The straw donkey was about as big as I was, but the two straw humans balanced on his back wouldn’t have reached my knee. They had been woven with a quick and crude artistry, arms sticking straight out to either side, the woman with two lumps on her chest. They were riding through the basement of the Matsumoto Museum and Cultural Heritage Center, perched on a little roped off pedestal. Next to them was a large black-and-white photograph of the icon being borne out of the village by a wave of weary looking old village folk. The men wore baseball caps with farm equipment logos and the women had tied back their hair with polka dotted bandannas. The tour guide must have been the same age as the farmers in the photograph, but her smooth skin and elegant bowl of silver hair radiated a life of philosophy seminars and nine-to-five days.
“This is a ritual still enacted in some of the more rural towns in these parts. The old people of the village will weave an old man, an old woman and a beast for them to ride from rice husks left over from the harvest. The icon is then carried out of the village and set aflame. This was done in the hope that it would appease death for that year and not come for any of them.”
Death, or their grandkids.
The Cultural Heritage Center was in a flat scrubbed concrete building that looked like it had been built to be as anonymous as possible. Maybe the architect was intimidated by the neighborhood. Right next door was one of Japan’s all time coolest castles: Matsumoto-jo, “The Raven Castle, a black obsidian fang of a tower that reached up and split the Nagano sky.
An extant Japanese castle is a rare thing, a great pile of timber that has somehow tricked its way through several hundred years of lightning storms, earthquakes, sieges, anti-feudal wrath and spontaneous combustion. Those that have made it through seem a little bewildered about what the hell they should be doing. There they are, propped on the highest hill, paper tigers commanding cities that ignore them. The tourists that fill them look a little confused as well, gingerly stepping through the lord’s chambers and squinting at the explanatory plaques posted here and there. The inside of a castle gets real old real quick: once you’ve seen the holes used for dropping things on people the rest is just cold floors and staircases. They spruced this one up a bit with a little exhibit on the history of guns in Japan. There was an extremely useful chart with the names of lords and the date that they got their hands on guns. There was a lovely drawing of a coterie of courtly ladies gossiping and forging bullets. The sign said that bullet forging was women’s work, right along with nursing.
There were men in baseball caps and gloves to direct traffic on the stairs. Being a castle, the stairs (or “ladders” as we call them in the West) were designed more for invader-hacking than for tourist-strolling. Old ladies with massive rear ends sweated and giggled as they tottered down, the traffic conductors always ready to jump in the way and cushion a fall. If you were fit enough to make it to the very top you were rewarded with a lovely view of the town of Matsumoto, nestled in the mountains, every apartment block steadfastly ignoring the castle.
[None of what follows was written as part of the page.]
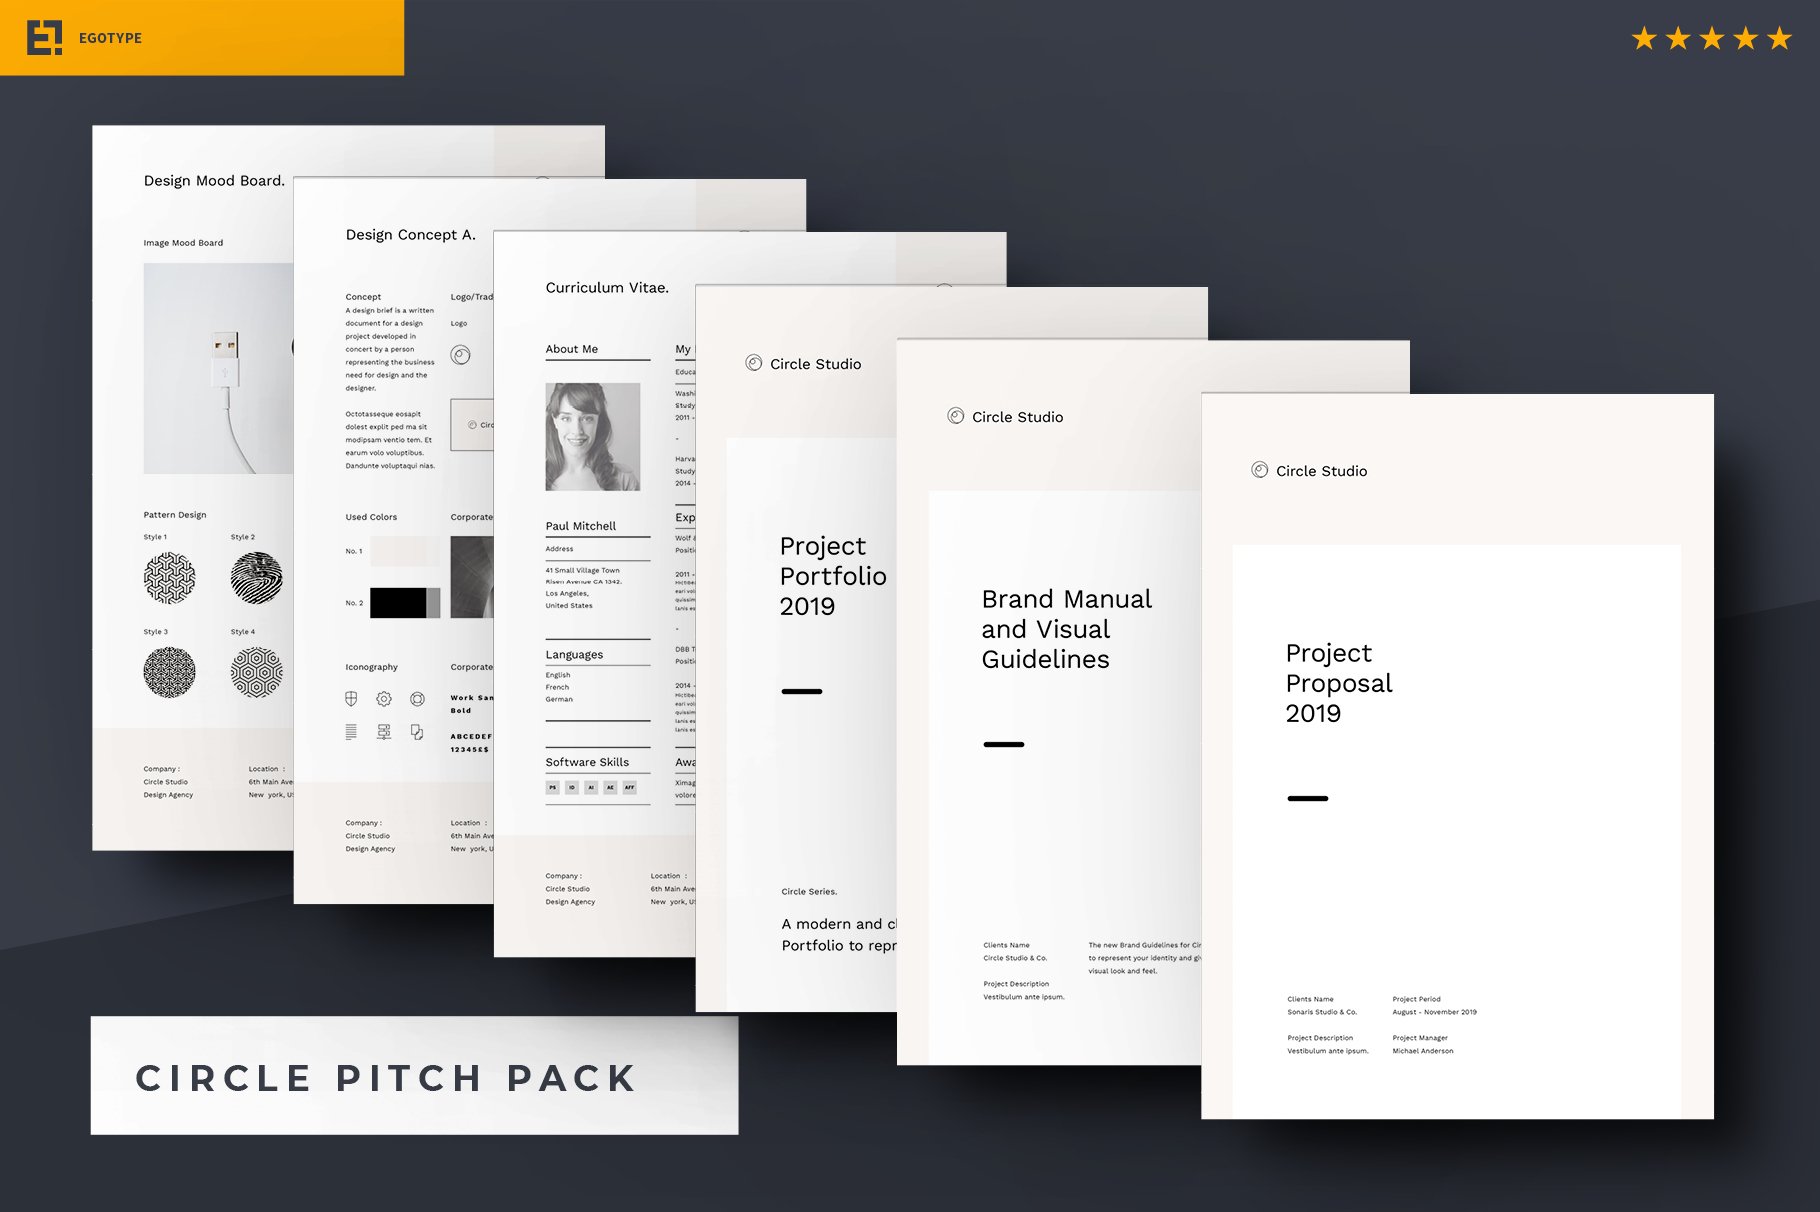 Proposal Pitch Pack cover image.

Somewhere in the slant of the windows and the dizzying height you could feel the arrogance of this place, this black tower built to look down on cowed peasants, this onyx blade to tear at the edge of their vision. The city now sat with its back to the keep. You could buy postcards, keychains and black castle cookies in the gift shop.
I had lunch at a local restaurant that handmade buckwheat soba noodles for the tourists. The rich Nagano soil makes for good buckwheat and famous soba noodles, so I felt I should have a plate before I left. Buckwheat was about six months out of season, so the noodles tasted pretty much the same as everywhere else, but we all packed in anyway. I sat at the counter and watched as two high school kids tried to navigate their first day on the job, forgetting to bring cups of tea, getting snarked at on every side by the cooks and the senior waitresses who had probably been doing this their whole lives.
Back at the train station the hikers were swarming around the coin lockers and the bus queues leaving the castles and the shopping to the tourists with large asses. I collected my stuff, bought some fruit, a loaf of bread and a hunk of locally produced cheese at a supermarket and bought a bus ticket to the mountains.